## Exercise data
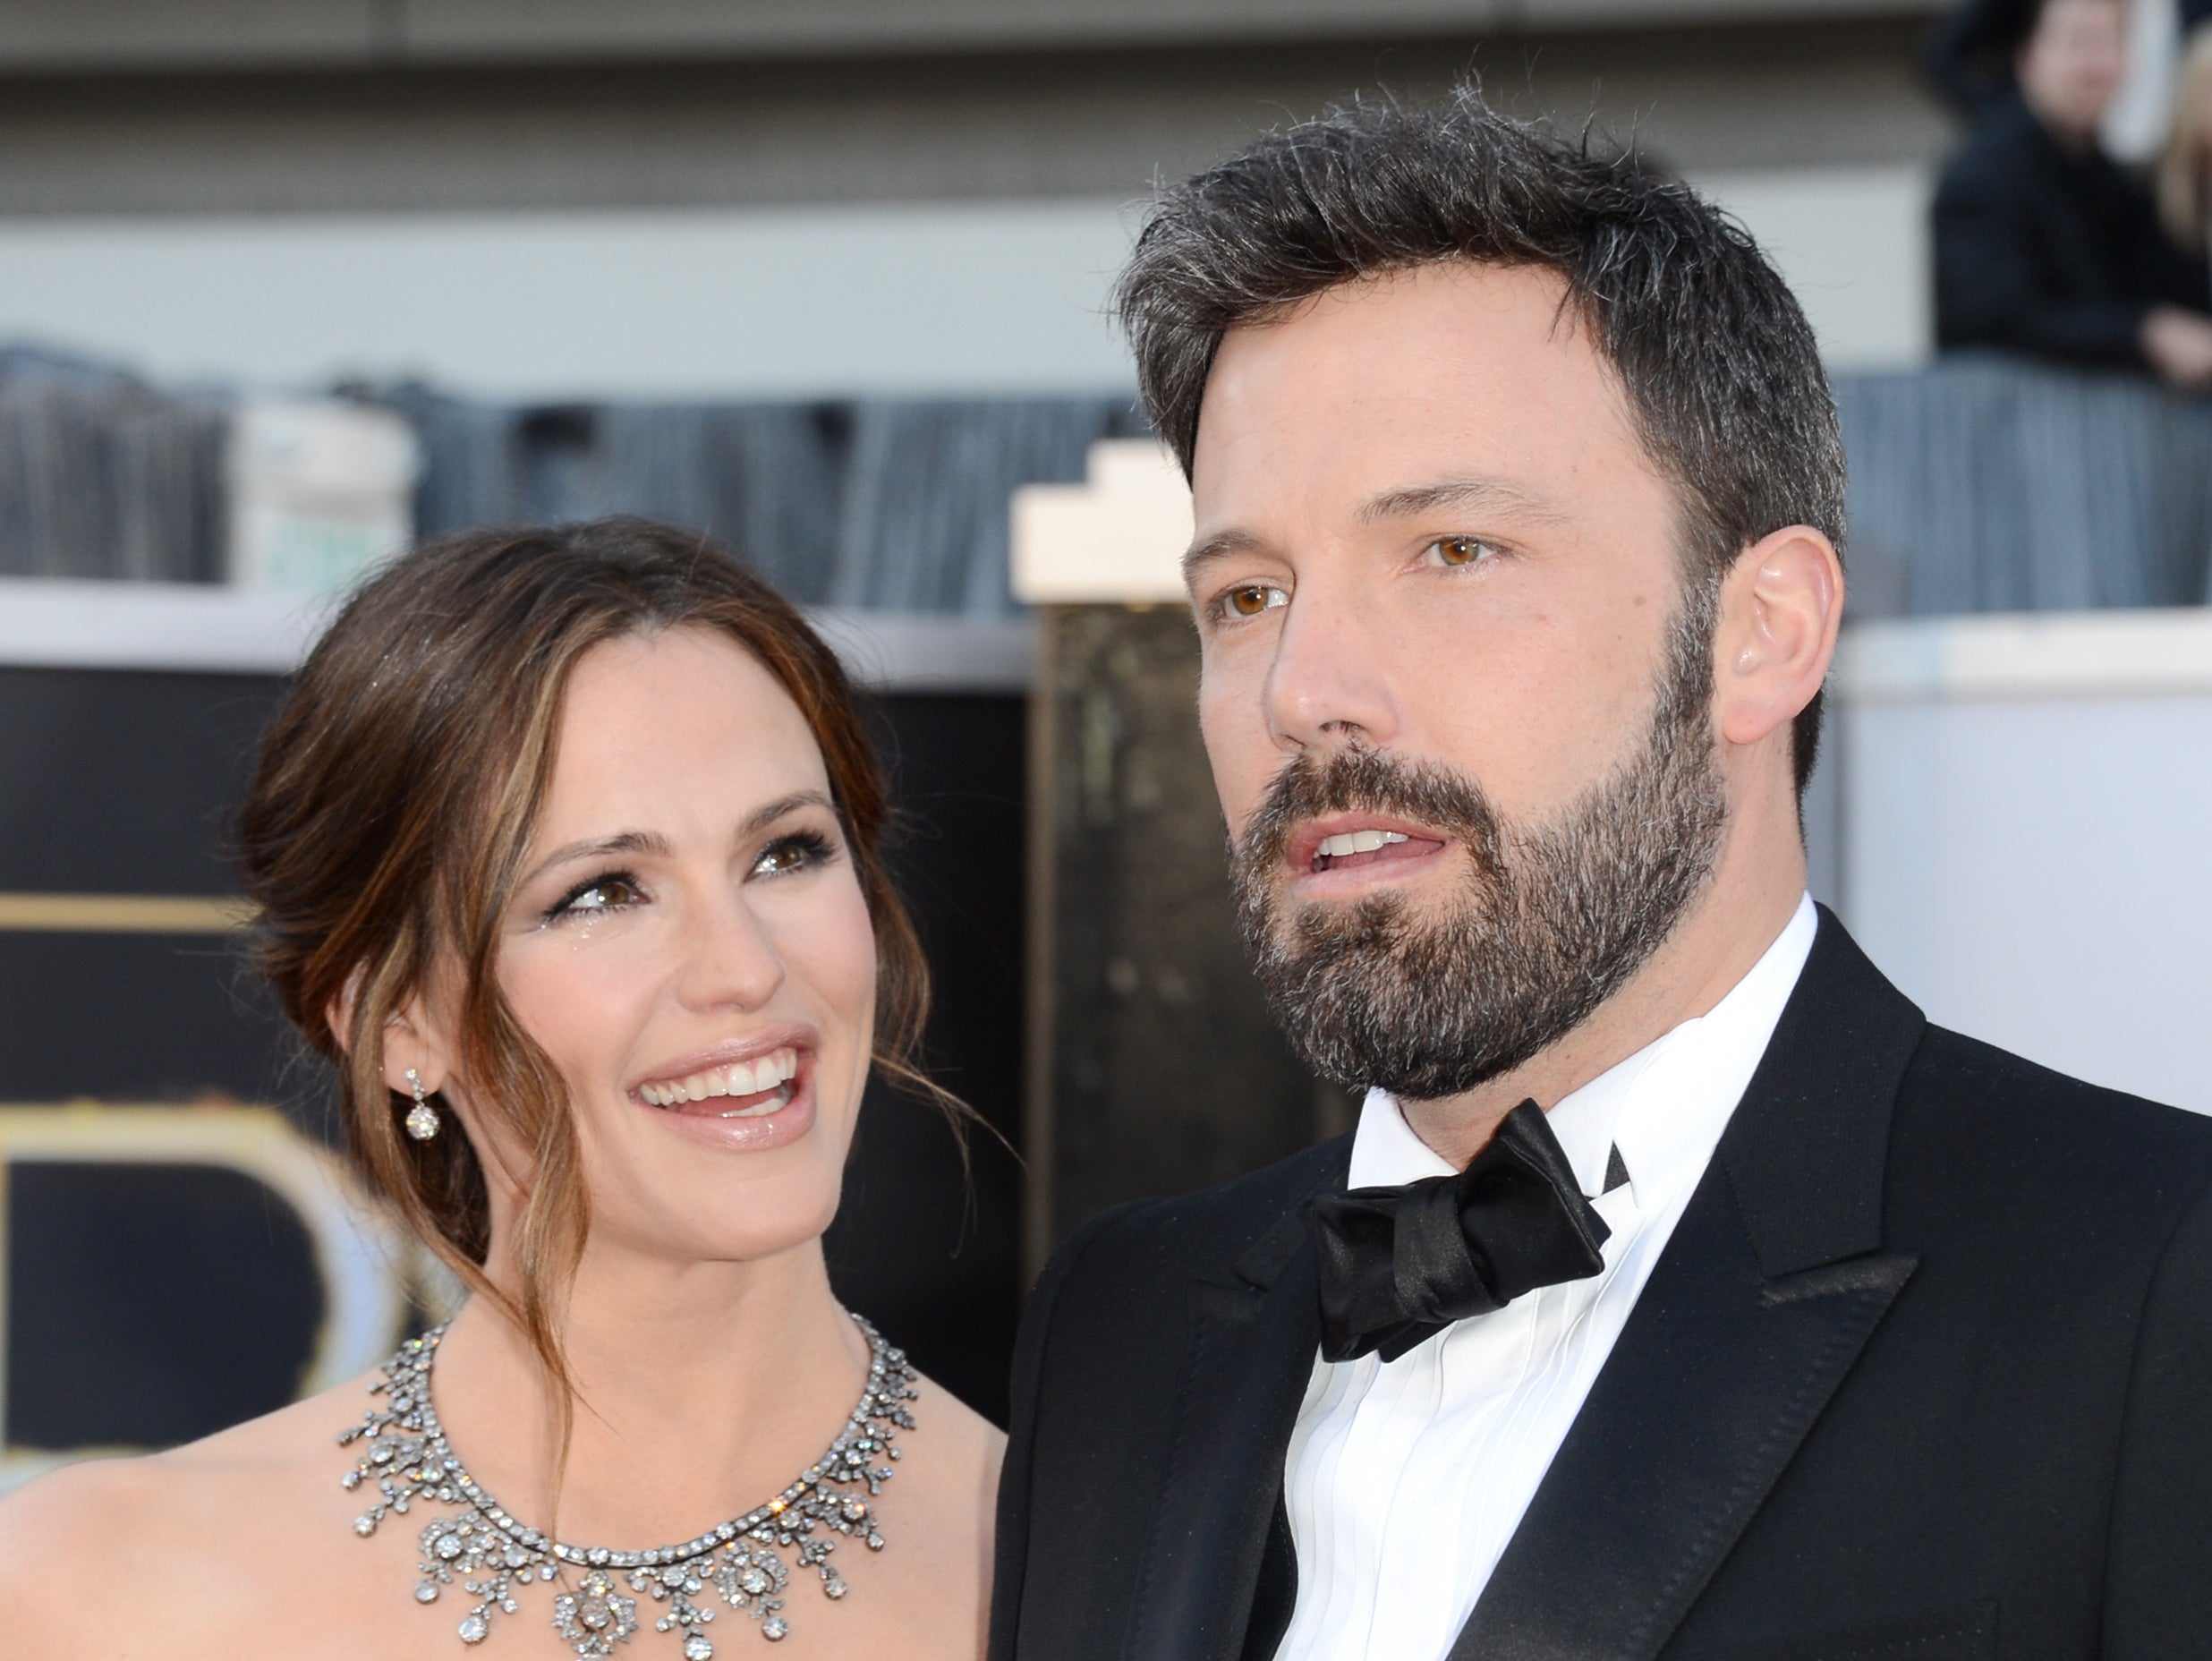 Ben Affleck agreed that the media took his recent comments ‘out of context’
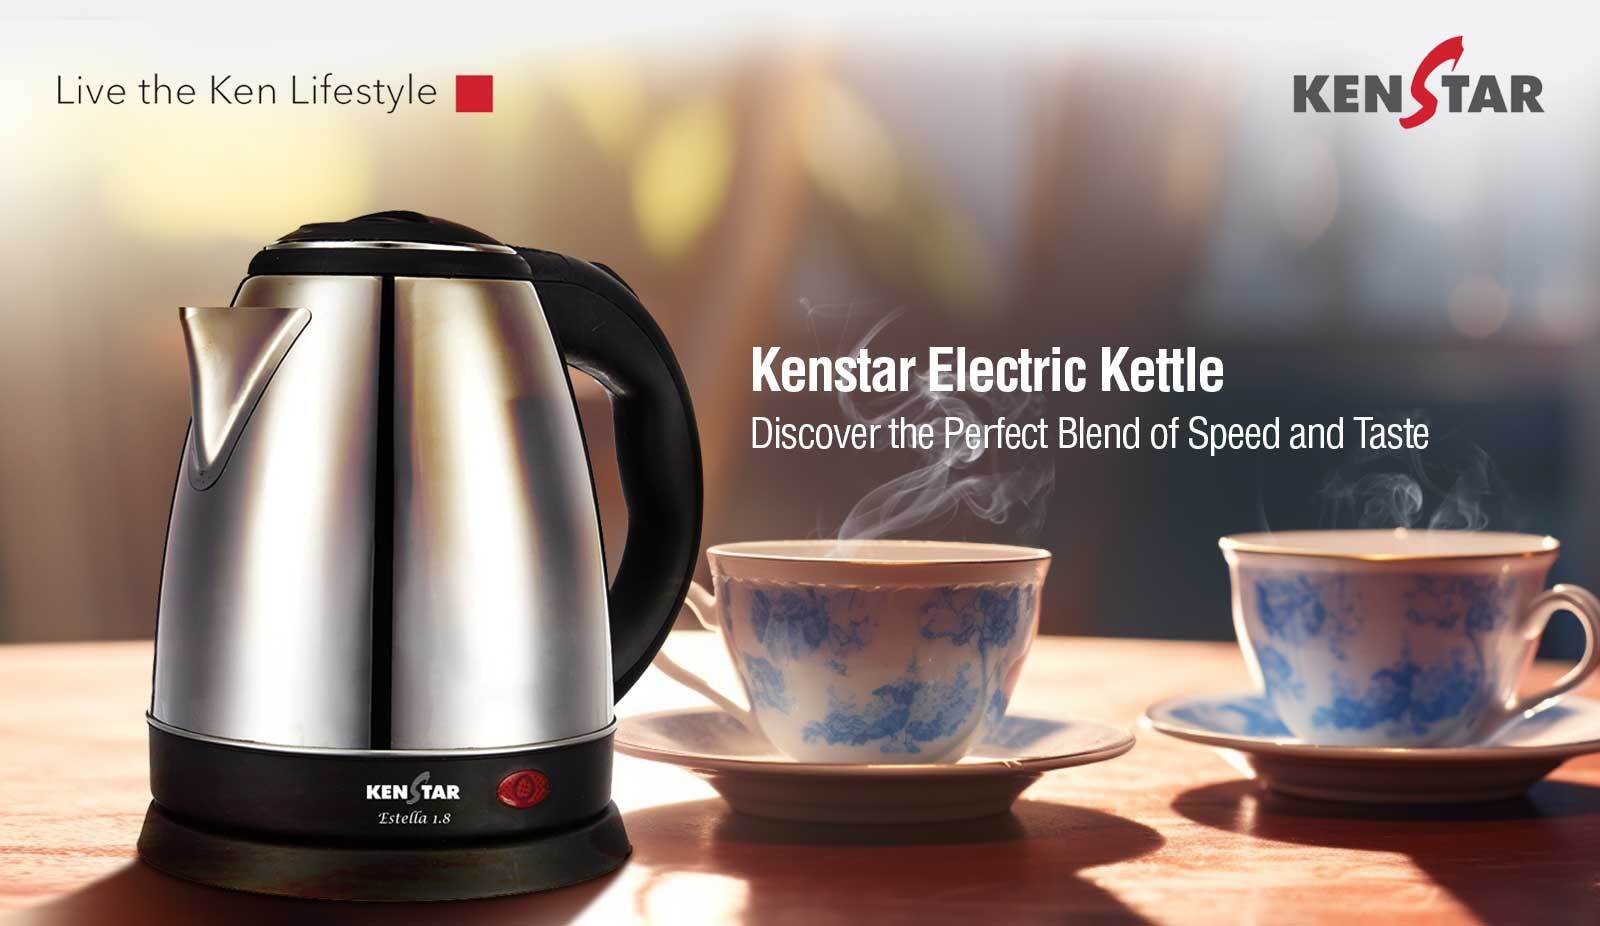 THE ELECTRIC KETTLE: A MODERN MARVEL FOR QUICK AND CONVENIENT BREWING
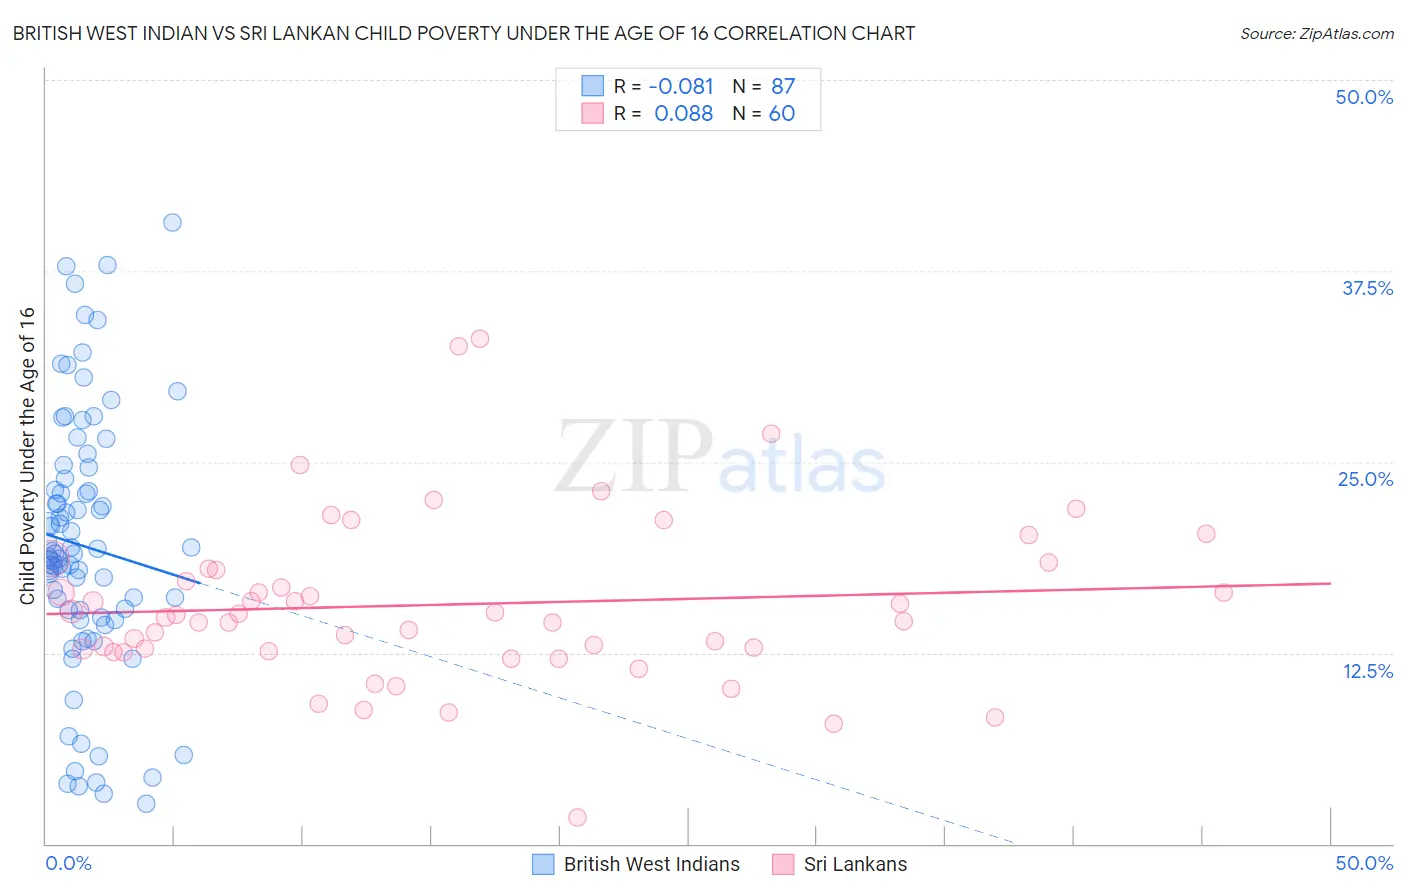 British West Indian vs Sri Lankan Child Poverty Under the Age of 16
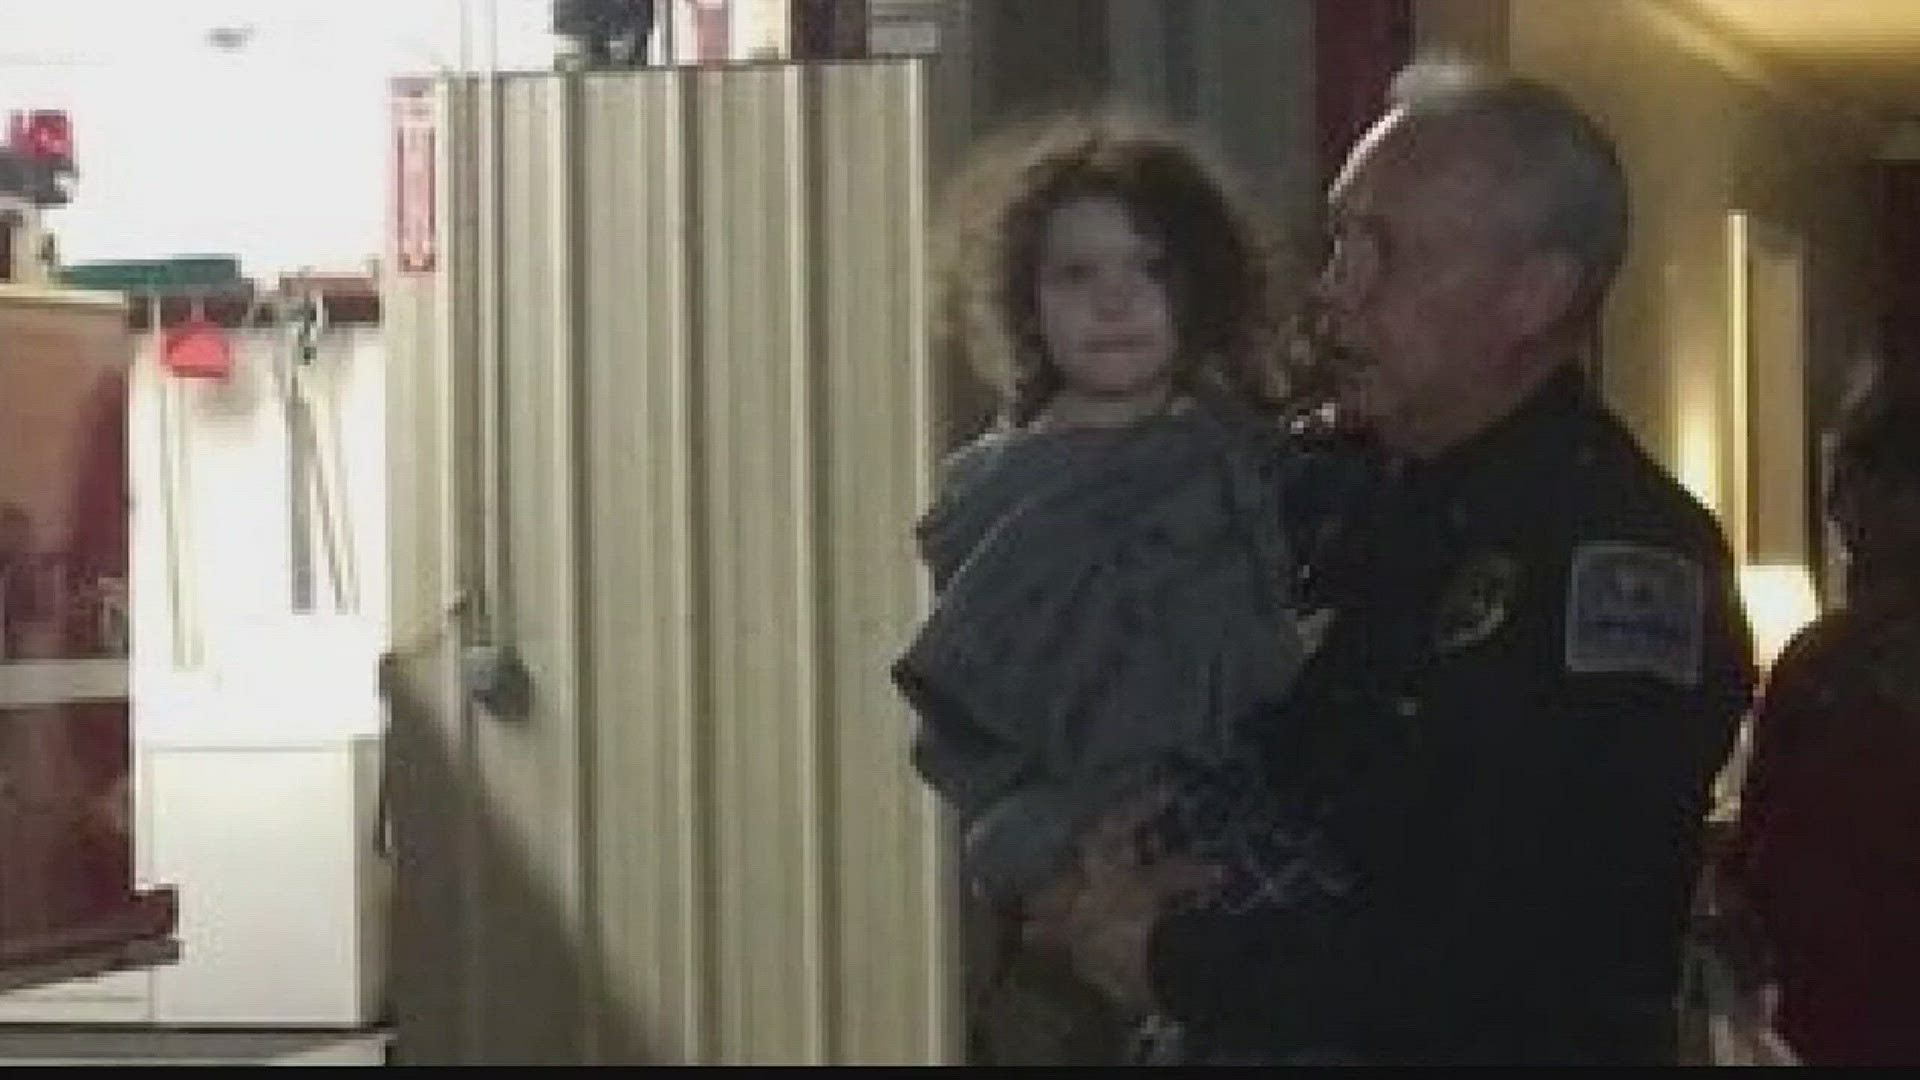 Four-year-old Heidi Todd was found safe tonight in Alabama, the Charleston toddler had been missing since last night.

## About this exercise
Reproduce, word for word, everything in the listing above except the pictures.

## Answer box
 Ben Affleck agreed that the media took his recent comments ‘out of context’
 THE ELECTRIC KETTLE: A MODERN MARVEL FOR QUICK AND CONVENIENT BREWING
 British West Indian vs Sri Lankan Child Poverty Under the Age of 16
 Four-year-old Heidi Todd was found safe tonight in Alabama, the Charleston toddler had been missing since last night.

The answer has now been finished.